Source material:
================
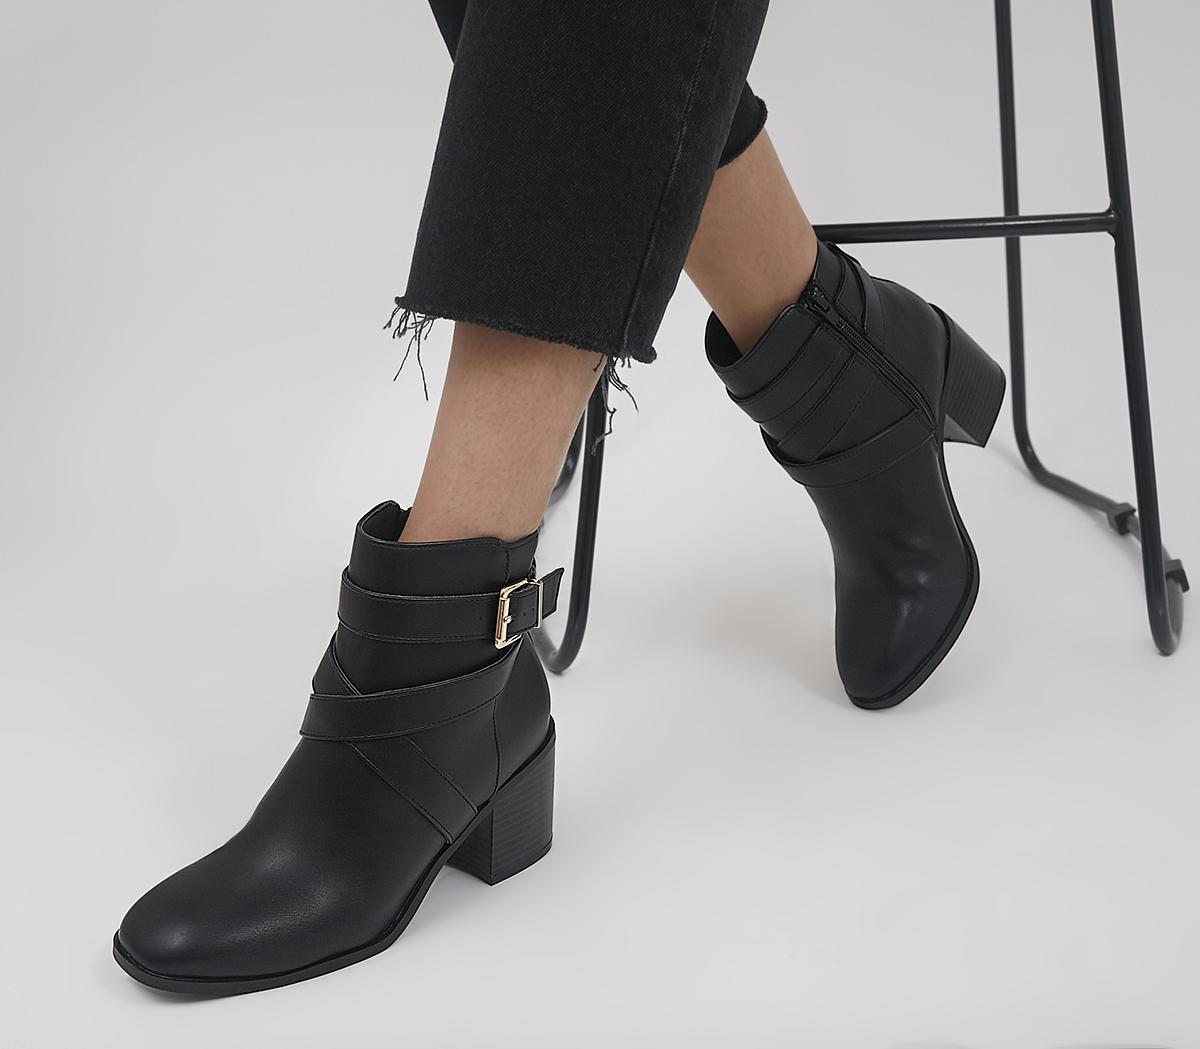 OfficeArtini Cross Strap Block Heeled Ankle BootsBlack
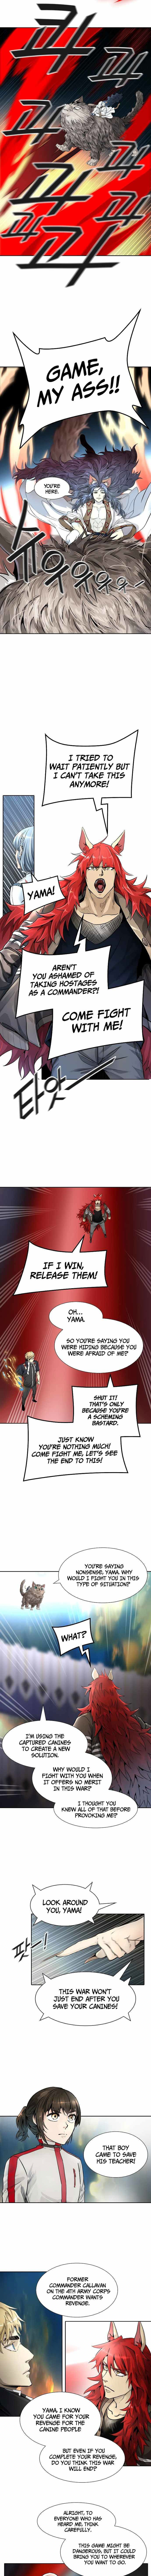 Tower of God Chapter 486 - Season 4 Begin page 6
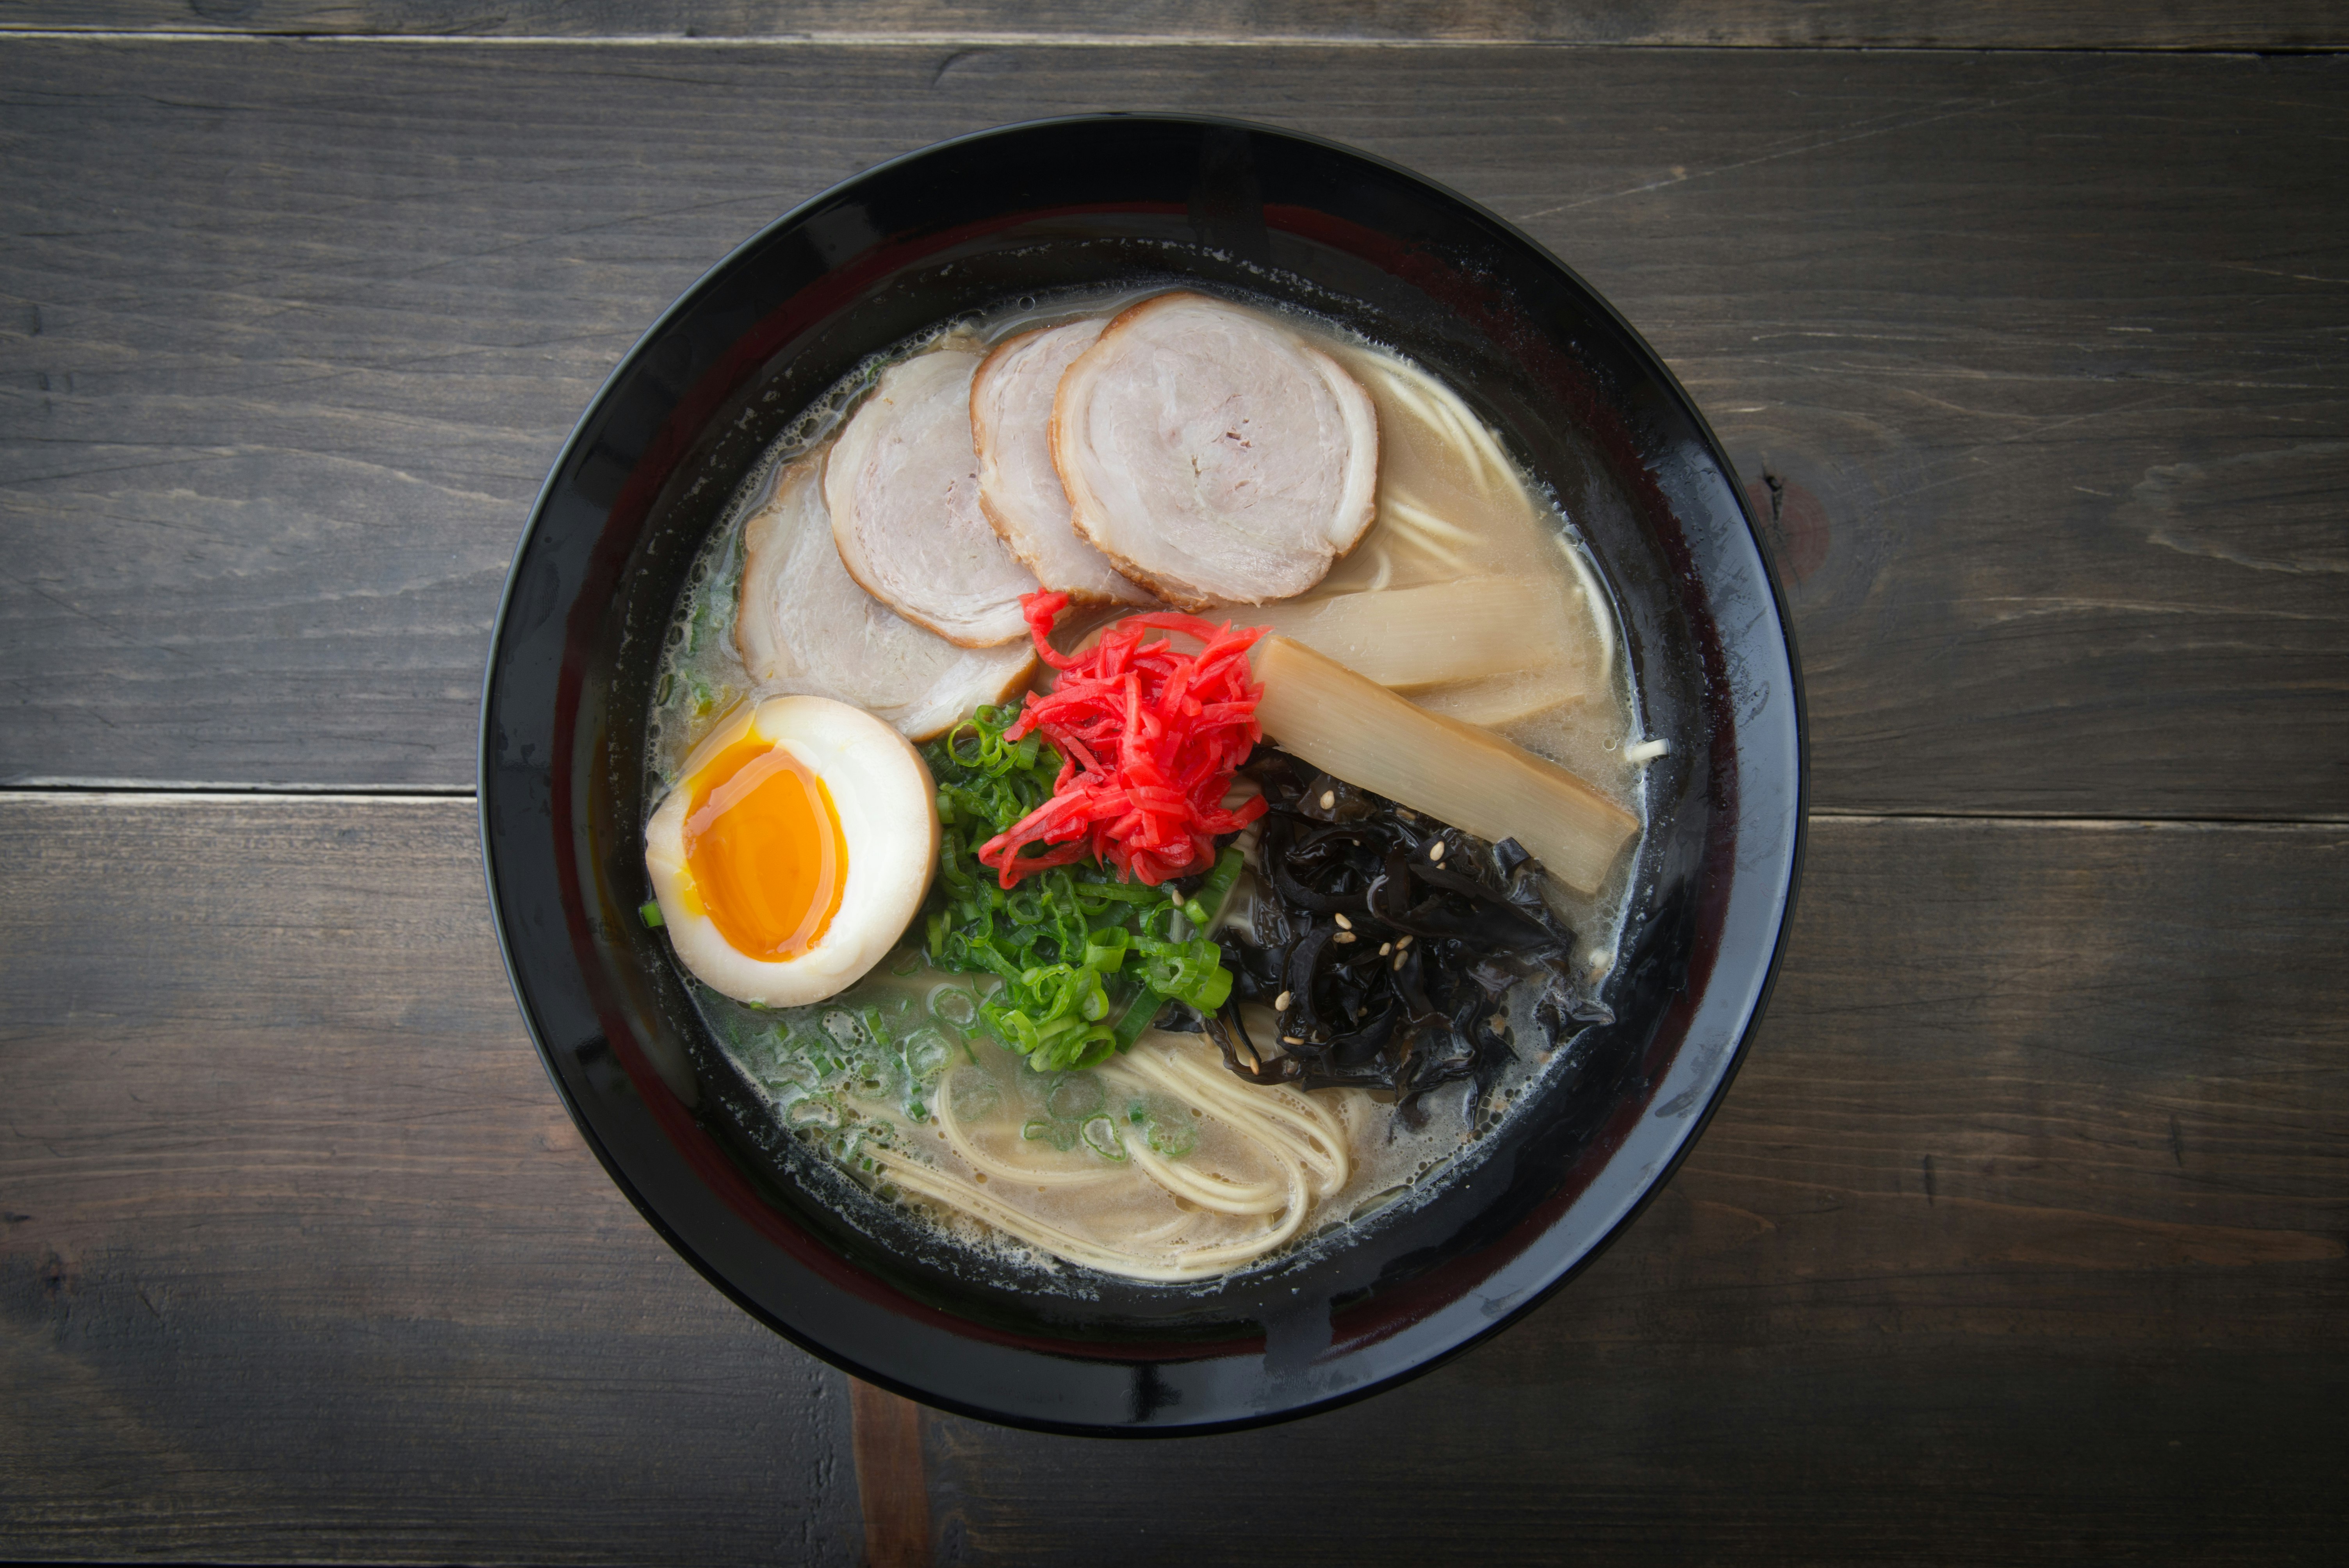 A glossy black bowl filled with ramen noodles, clear broth, round slices of pork, spring onions, half a soft-boiled egg, and other colourful ingredients.
================
What is expected:
This task calls for the lines from the line containing "Tower of God" through the end of the listing, set down exactly and only, with pictures omitted.

Answer section:
 Tower of God Chapter 486 - Season 4 Begin page 6
 A glossy black bowl filled with ramen noodles, clear broth, round slices of pork, spring onions, half a soft-boiled egg, and other colourful ingredients.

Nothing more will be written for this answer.